**Your objective**
Nothing but an exact copy is asked for: the lines in the material below from the one with "阿格里巴是罗马帝国创始人" through the one with "Пример написания русского", pictures excluded.

**Input for this task**
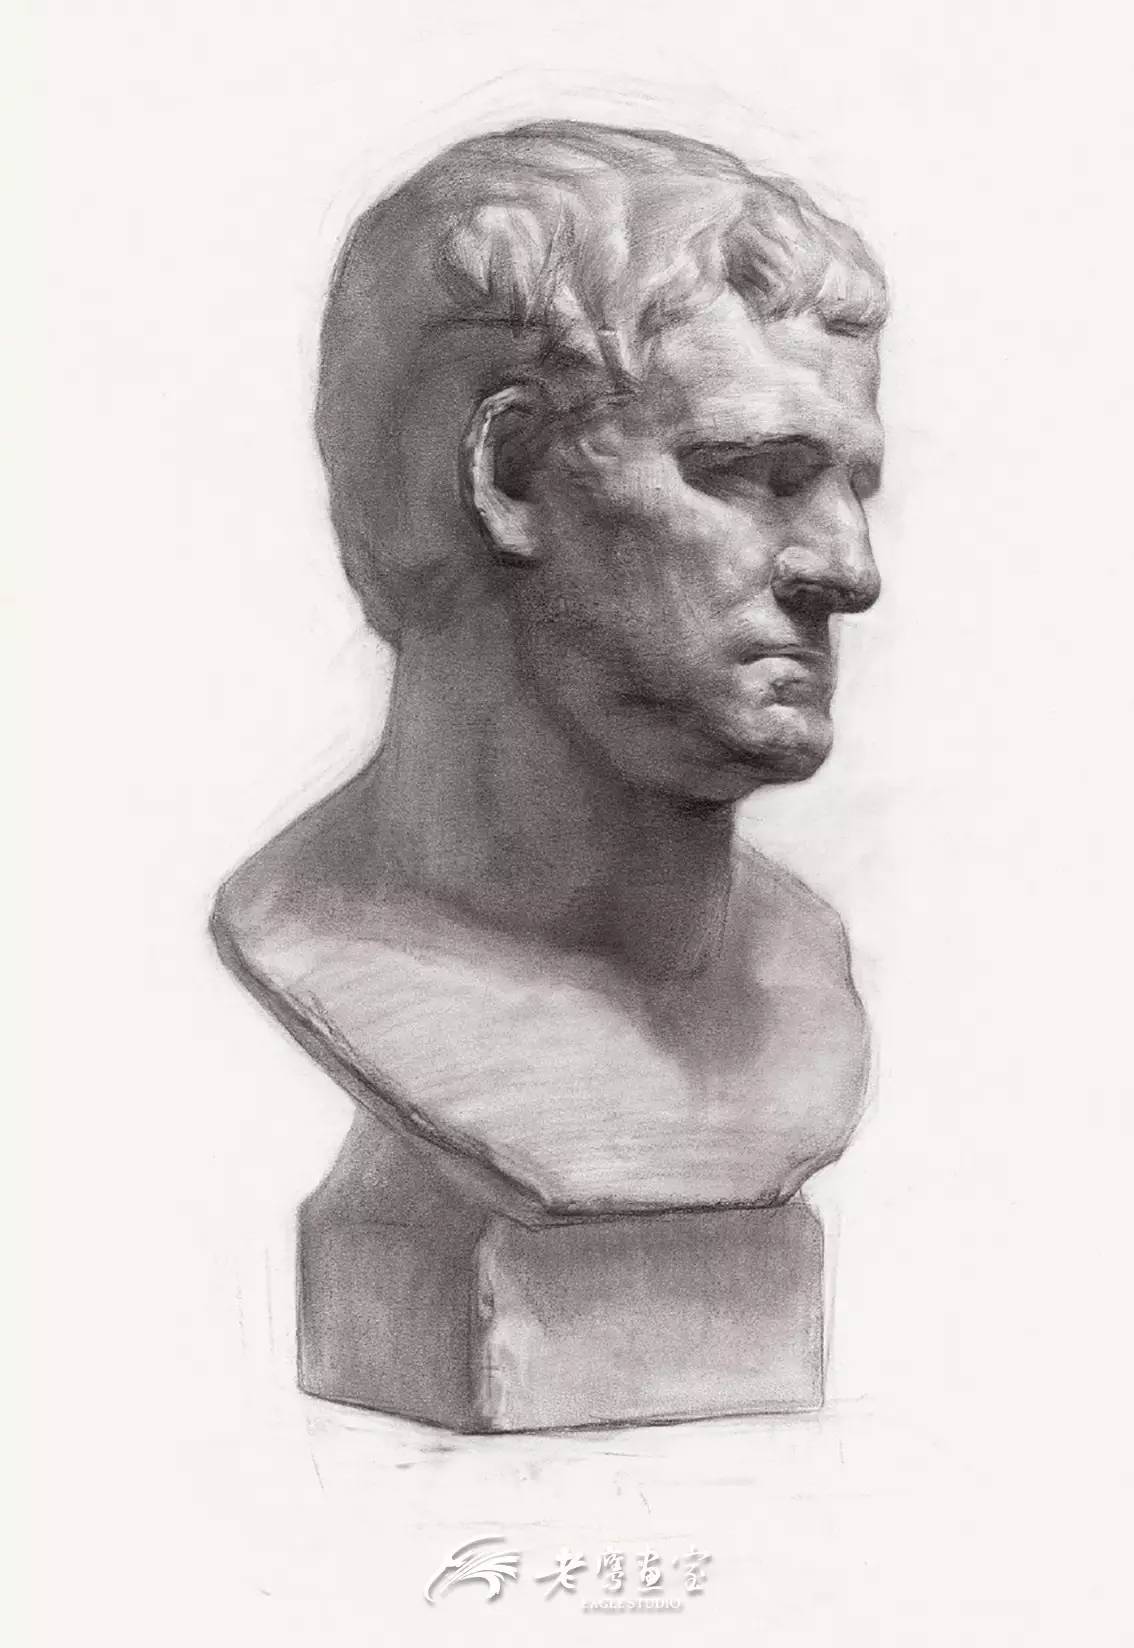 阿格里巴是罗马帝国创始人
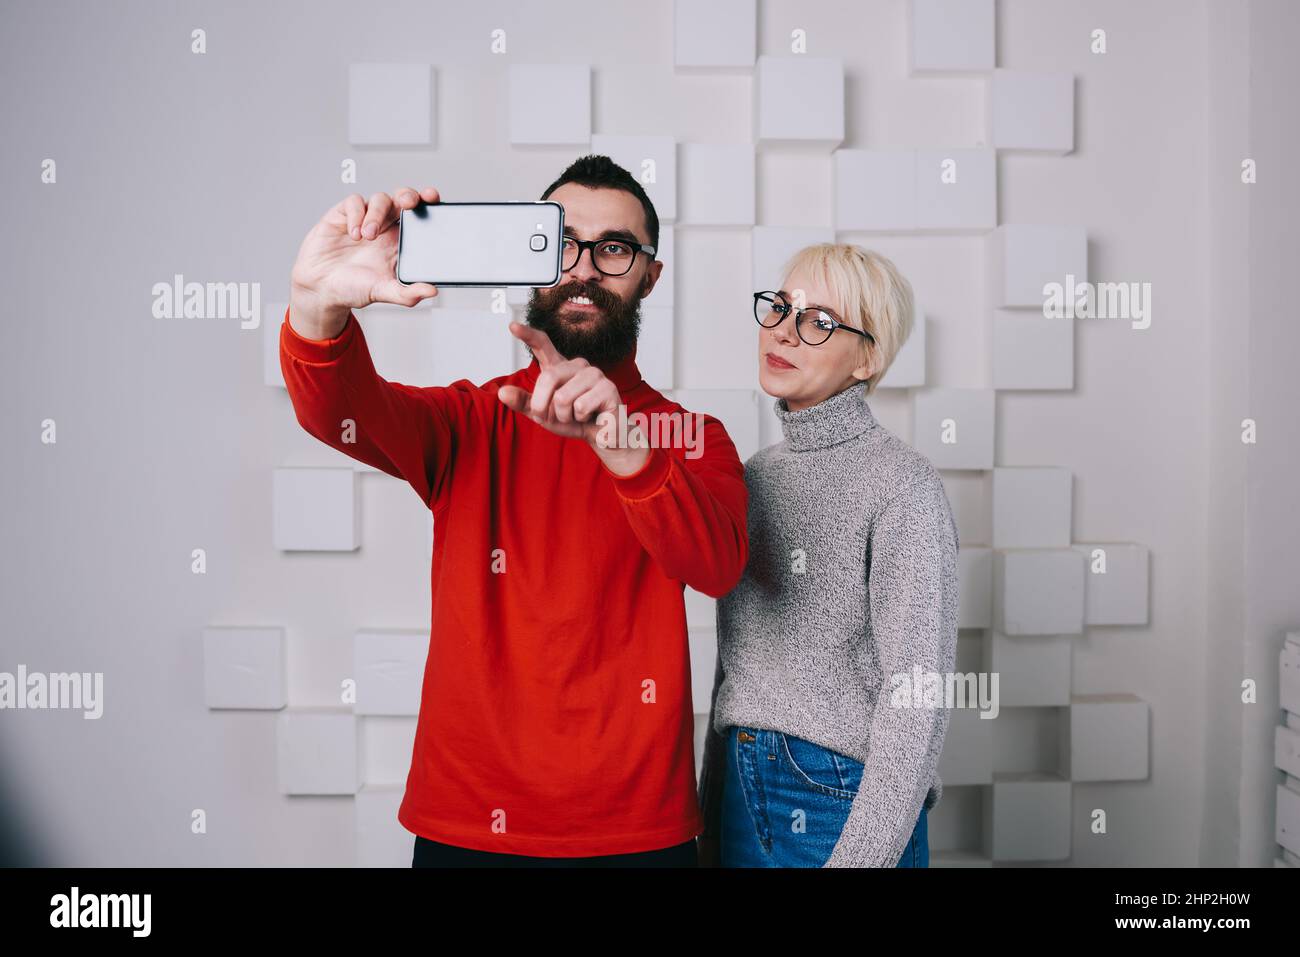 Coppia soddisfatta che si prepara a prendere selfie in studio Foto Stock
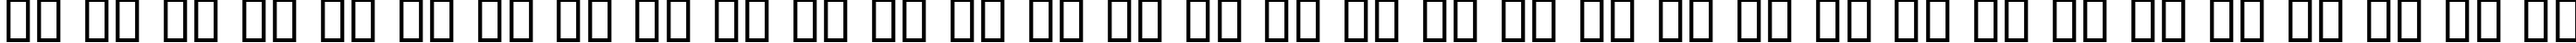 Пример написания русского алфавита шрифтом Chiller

---

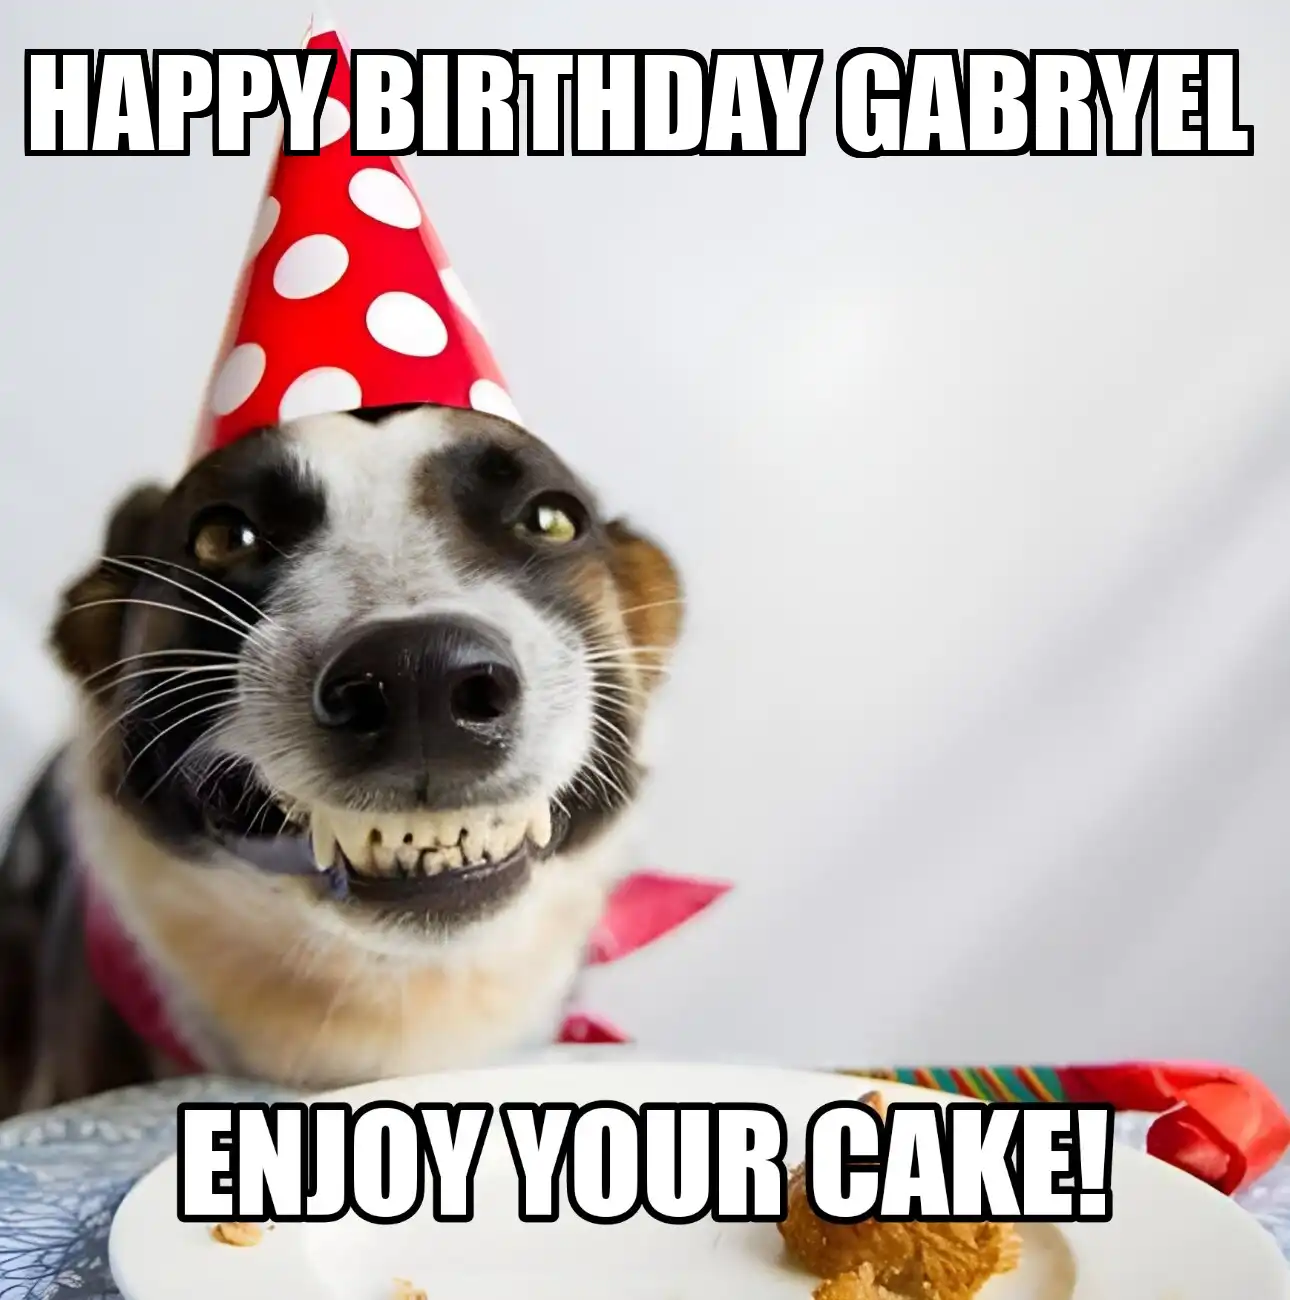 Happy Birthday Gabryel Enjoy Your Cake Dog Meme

...

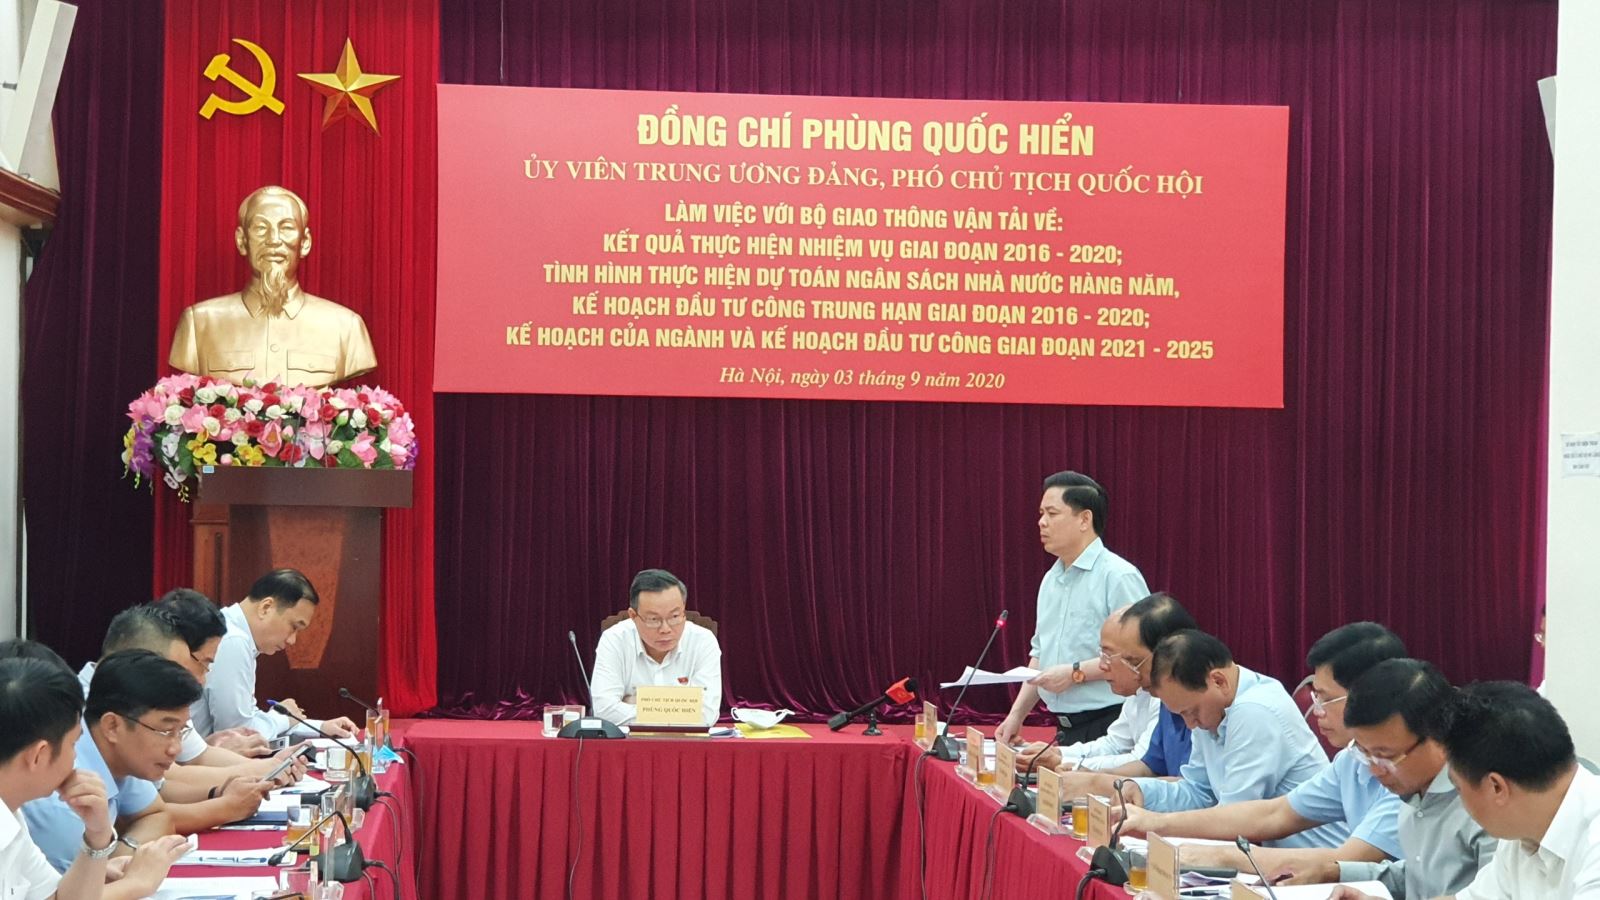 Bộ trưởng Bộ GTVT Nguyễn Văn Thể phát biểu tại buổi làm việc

**Solution below**
 阿格里巴是罗马帝国创始人
 Coppia soddisfatta che si prepara a prendere selfie in studio Foto Stock
 Пример написания русского алфавита шрифтом Chiller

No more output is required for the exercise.